(Ken asks: “What “L” word. I answer: Love Actually [movie]:” we laugh)
Note: We’re back. Ken has had a great deal of trouble over the holidays and since with ongoing challenges with accommodations and negotiations at his place of work; it has taken all his energy. We were going to do the first blog of 2018 about New Year’s resolutions, but since we were on the cusp of Valentine’s Day, we had a change of heart. Love is in the air, and thus so is the question: “What is love, in our kind of relationship?”
Before we knew much about autism and that Ken was autistic, we knew even less about autism and love. Now, being together, we have discovered Ken’s differences, and “love” is no different. He – therefore we – love(s) differently.
Helpful hint: Different love is still love– no less important, no less valid, and no less true.
So, let’s diablogue
Ken: I have always comprehended the substance, however, not the necessarily the essence, of Valentine’s Day. When I give or do something for you, and it makes you happy, it makes the world seem right to me. I don’t do it because it makes me happy. Happiness to me is service—doing things for others that make them happy. That means I’ve done something right in the world; the world is at equilibrium, at that moment.
Each couples’ love is the seed of a tree taking root in a forest; it can’t be sustained alone. It has to radiate outwards to the other trees, to the family, the community, to the world. Love that stays mostly or only with the couple is doomed to hardship. Love wasn’t meant to stay locked up and insular. It must radiate out—and that makes the world well.
Christina: And I see that when you achieve equilibrium it is because an issue, even if tiny, has been addressed. An anxiety lessened. A need met. A pattern completed. Psychic and social balance.
Ken: About Valentine’s Day. I have spent a great deal of time observing it; however, in my ignorance and lack of comprehension of its innuendo, nuances and subtleties, I have spent very little time in its observance. Altruism—that, for me, is Valentine’s Day every day.
Christina: That’s a lot of observing—and not!
Ken: I am aware of the wonderful ritual and pattern; however, I am not sure I comprehend the essence of it. I sense that it is right when I give or do something for you; however, where I surmise I have a problem is… I know I’m supposed to please you, to have a wonderful effect on you. But I always have to guess if it does because I do not comprehend the essence. What makes me feel good is making you feel good.
Christina: You mean ‘doing Valentine’s Day’ as in the ritual of buying a card, chocolates, all that. Ok.
Ken: Yes, and it is personally important that I remember and treat you with reverance.
Ken: I may not fully comprehend the essence of Valentine’s Day, but it does have a positive social effect on people. Let me put it this way, it is like the wind blowing the leaves on a tree. One cannot see the wind; however, one can observe the effect of the wind.
Christina: So what effects do you see?
Ken: Connection, reconnection, people hugging and smiling. Being nice to one another—even if for only for day.

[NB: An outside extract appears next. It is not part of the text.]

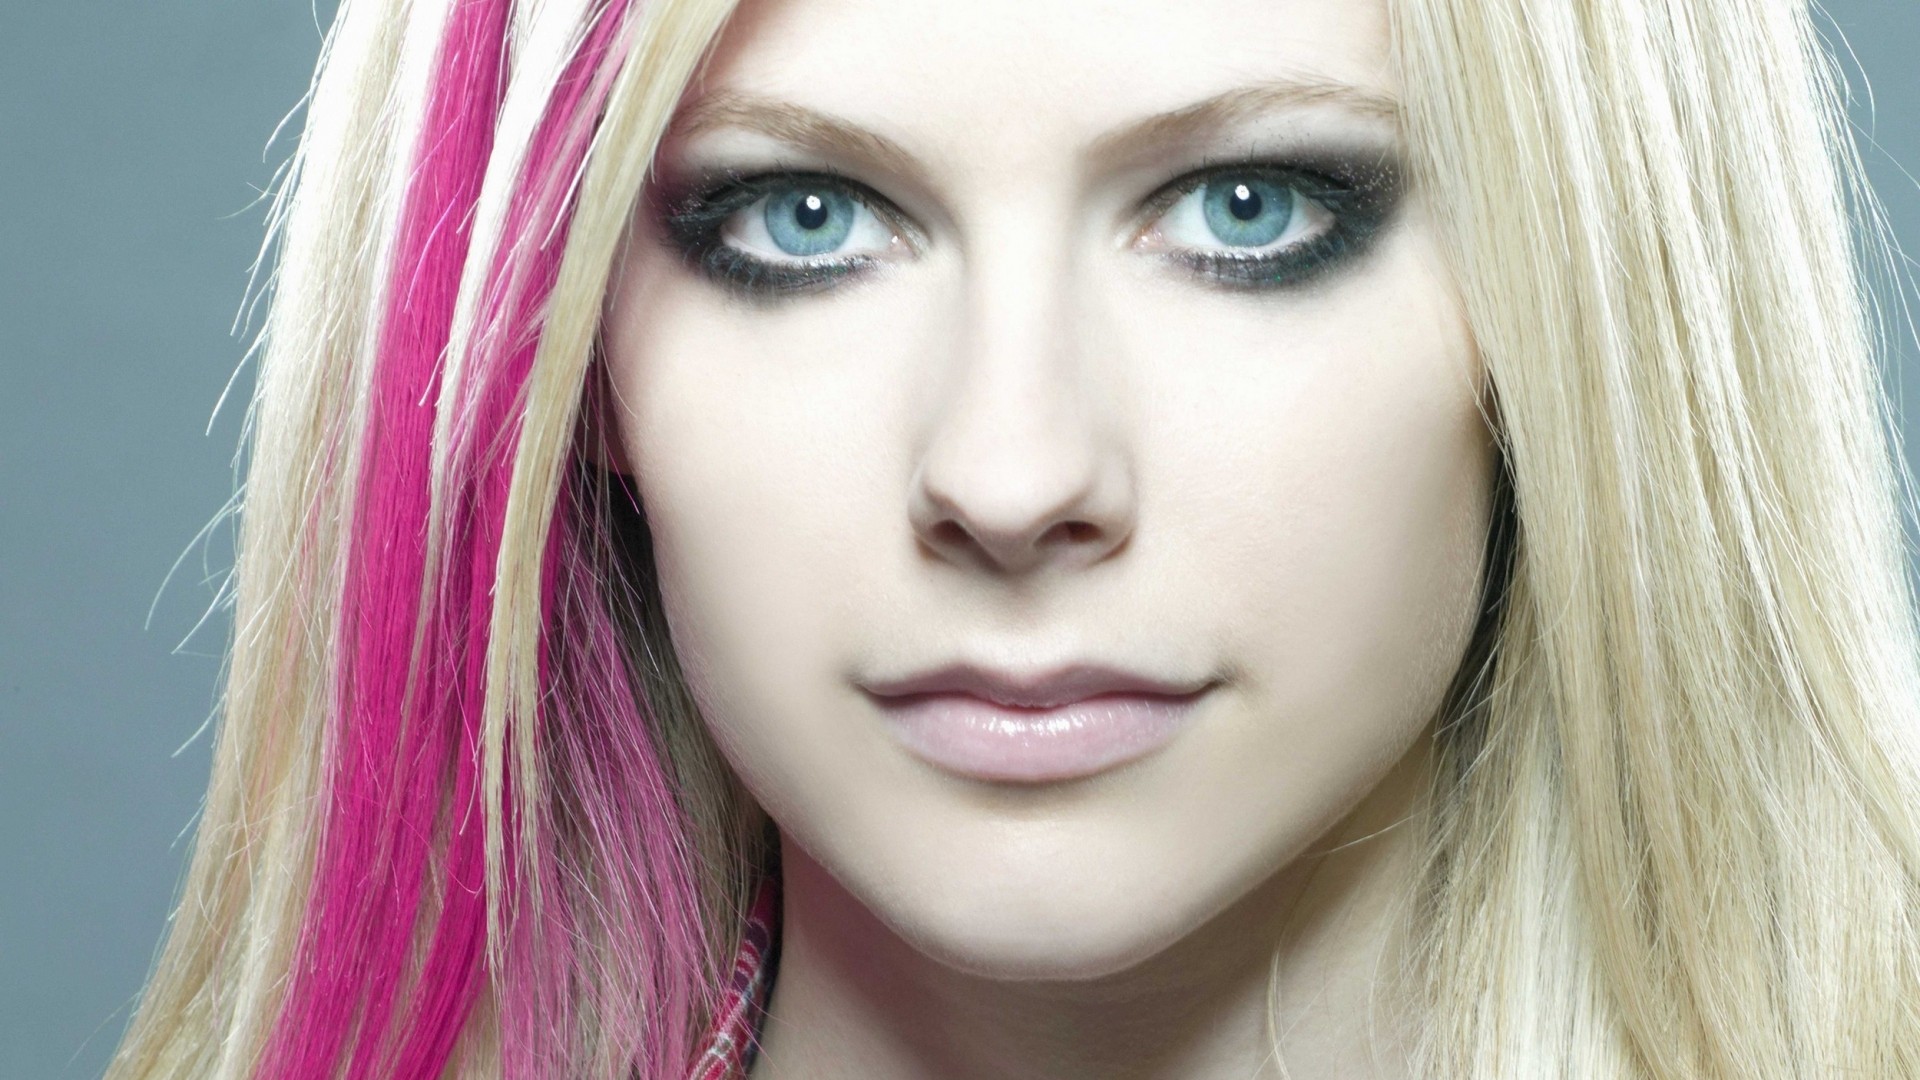 People 1920x1080 Avril Lavigne face makeup women blonde portrait singer celebrity closeup blue eyes looking at viewer simple background

Ken: One thing I observe in myself that leads to these questions is: Am I doing this merely mechanically, robotically, and on schedule, or is there something else that I’m contributing to Valentine’s Day—for us— that is emotional and human? Perhaps by listening to your answers I can answer my questions. What does Valentine’s Day mean to you and what do you need and want from it? Do I fill those needs? And with me, an autistic person, what are you getting out of Valentine’s Day?
Christina: That’s three questions. One at a time…
Ken: First I want to comprehend the world view of Valentine’s Day. Then how you comprehend it, and what you are giving up by being with me—which will also answer what you gain by being with me. What needs do I fill for you and what do I offer that compensates?
Christina: Good last questions—and you need to answer those for me as well.
Ken: I can answer them now: The need for me you fill on Valentine’s Day is that I become part of the observance of the day rather than merely observing people that day.
Christina: Got it. But personally, do you benefit in some way from me buying you a card and saying nice things?
Ken: As I miss the social mark so often, and you have the tough job of staying with me when I do, it pays back a little, this refills the cup, this helps refresh and refill. I’m very much aware that I’m a huge burden.
Christina: Interjects ….That’s not a healthy way to think.
Ken: Perhaps not healthy; however, valid.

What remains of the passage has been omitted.